Do yourself a big, big favour

Please, gentle reader. Don’t go to the New York Times, with their misleading headlines and watered-down excerpts, served up expressly for an audience with a notoriously narrow hearing range. Please go to America magazine and read the entirety of their interview, ‘A Big Heart Open to God’, with Pope Francis. It is deep, wide-ranging and - most importantly - gracious and intellectually beautiful, and it shows us that, though the Roman Church had lost in the former Holy Father Benedict XVI a man of sterling intellect and analytic acuity, they have also gained an intelligence which, though it works in a very different style, is hardly inferior. And it absolutely tickled me pink as an expat and Chinese history geek that he mentioned the Chinese rites controversy within the Society of Jesus (over whether or not, essentially, Confucianism was a religion) - perhaps the task of exploring that anti-capitalist and alter-political common ground between Confucianism and Catholic social teaching hinted at by Han Thomas Hong-soon is not as far off as I had thought, at all!

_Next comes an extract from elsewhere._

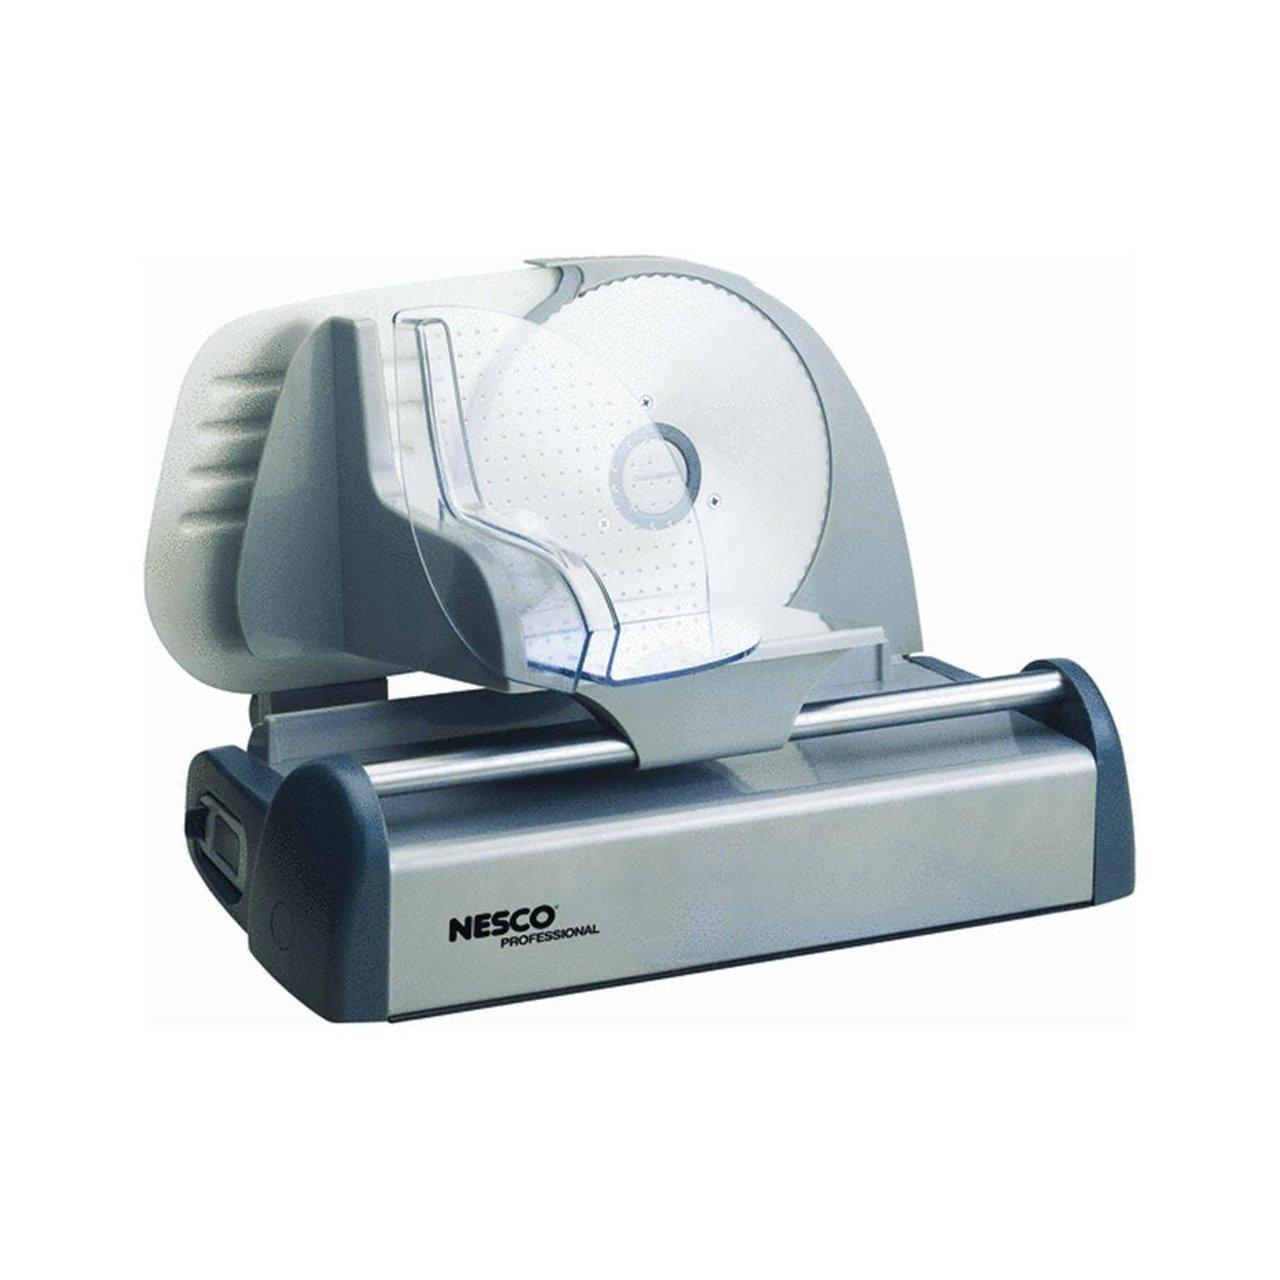 Amazon.com: Nesco Professional Food Slicer - 7 1/2in. Blade, Model ...

It is disheartening to me, incredibly so, to see that, just as most American news media just don’t get it when it comes to religion generally, the New York Times just doesn’t get it when it comes to Catholicism. The central message of Pope Francis - which is one that Jesus has already saved us, and that the job of the Church is to follow his example, to actively go out and seek out that salvation in every person, and to cultivate it even in the midst of great uncertainty - appears lost on the Times, which engages in a textbook case of projection when it obsesses pruriently over Pope Francis’ stance on sexual ethics. On which topic, by the way, as he makes clear in the interview, he is simply following the Catechism and does not diverge from the Church of which he is head at all. But the Times sees a Papal praxis whose essence approaches grace, and - failing to understand that it is the orthodoxy of the Church which inspires and informs that praxis - attempts to squash it into the indifferent and static mould of ‘tolerance’.

The fact remains, though: this Pope is bringing a fresh breath to Catholicism, the same way (to me) first Kierkegaard, and then Lewis and Chesterton brought a fresh breath to my faith in Christianity. He is living an adventure that is orthodoxy; to him, the Papacy is something dynamic and challenging. To him, God is all promise, and that promise is there for all people, where they are.

God bless Pope Francis! May his reign be long and fruitful, and may there be many more like him.